Foreign Nurses All these foreign nurses coming over here, giving their love. Foreign nurses call you ‘dear’, even when they’re younger than you are. Foreign nurses miss their mums, and still sing while they flannel your back. You’re a babe in their arms. Your parents are Spanish and Filipino. Tears will sting your eyes in years to come, when you feel all alone, and your mind drifts to them. You’ll long for soft brown hands. You’ll ache for sunny green eyes. You’ll wish you were sick again. Ask me how I know.


The Fathers When it’s time to go home my surgeons present at the foot of my bed. Two priests at the altar. My dad shakes their hands. A communion wafer, the sign of the cross. They’re regal, chosen. A halogen glow around their heads. “You can go now, my child. We’ve excised your sin and collected it in green tissue.” It’s my offering. It’s all I’ve got.

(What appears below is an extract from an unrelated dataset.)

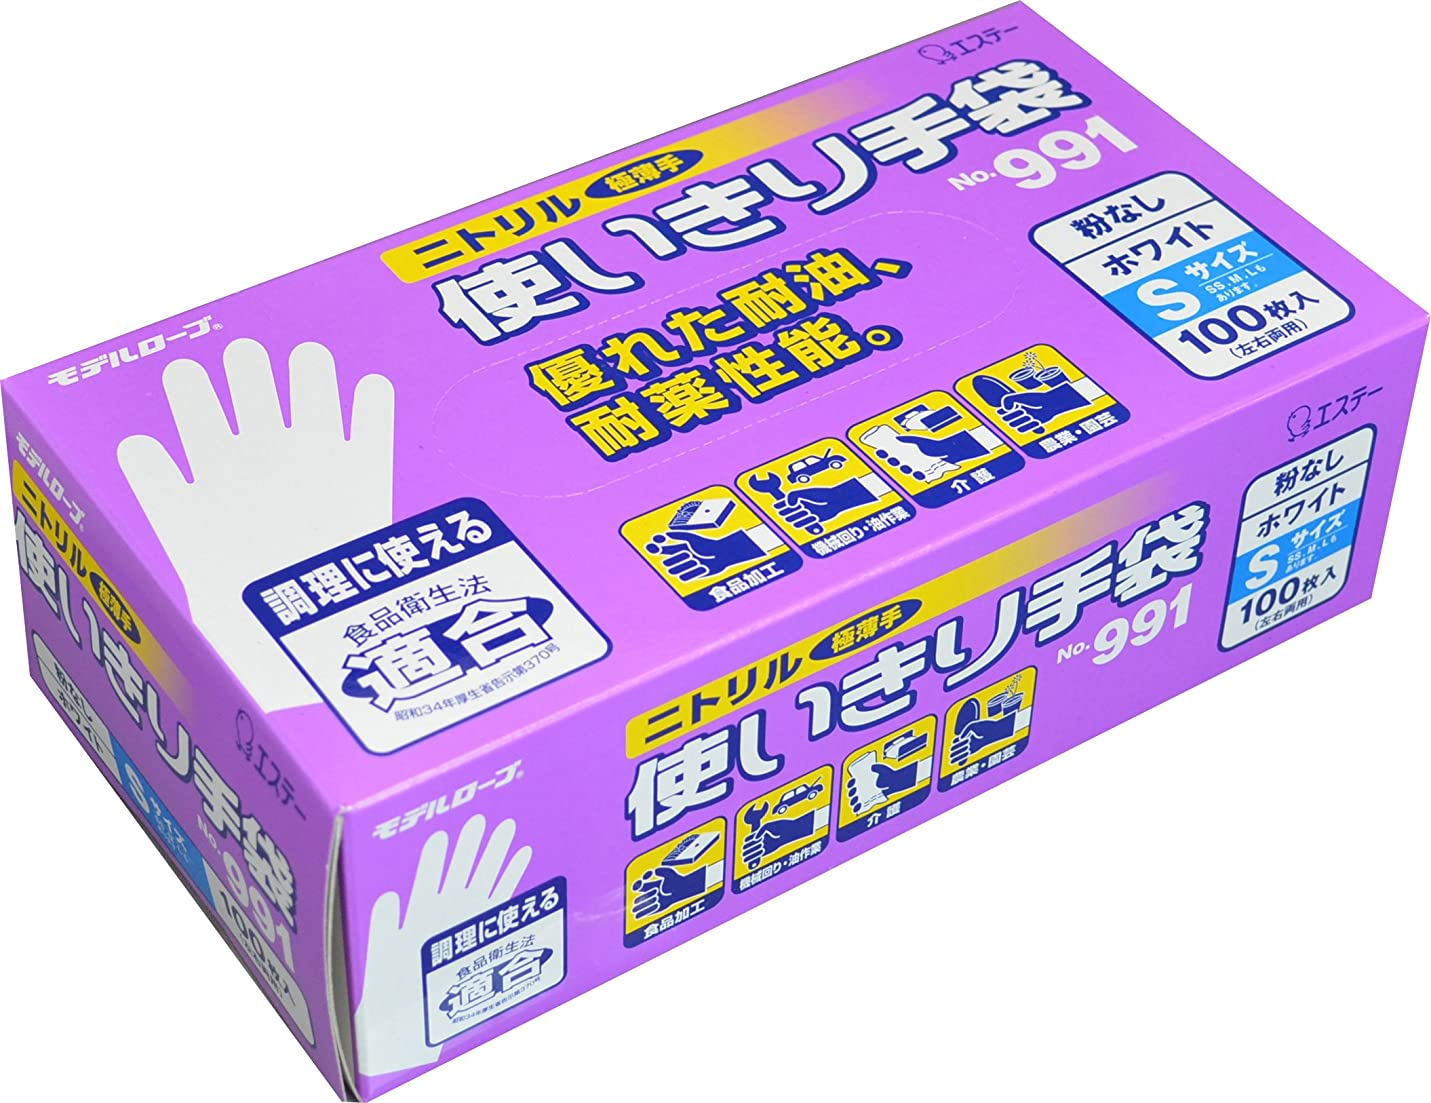 アライメント認証タイマーモデルローブ NO991 ニトリル使い切り手袋 100枚 ホワイト S

Trophy Tumour I make a cantaloupe melon with my hands, splayed fingers. Delight in their widening eyes as I say, “That’s how big it was.” Like it’s a carp or a prized marrow, though I had no real part in it. “Eight pounds, like a baby. It’s in a lab somewhere now.” I tell them there’s just something about growing your own, and ask “Would you like to see a picture?”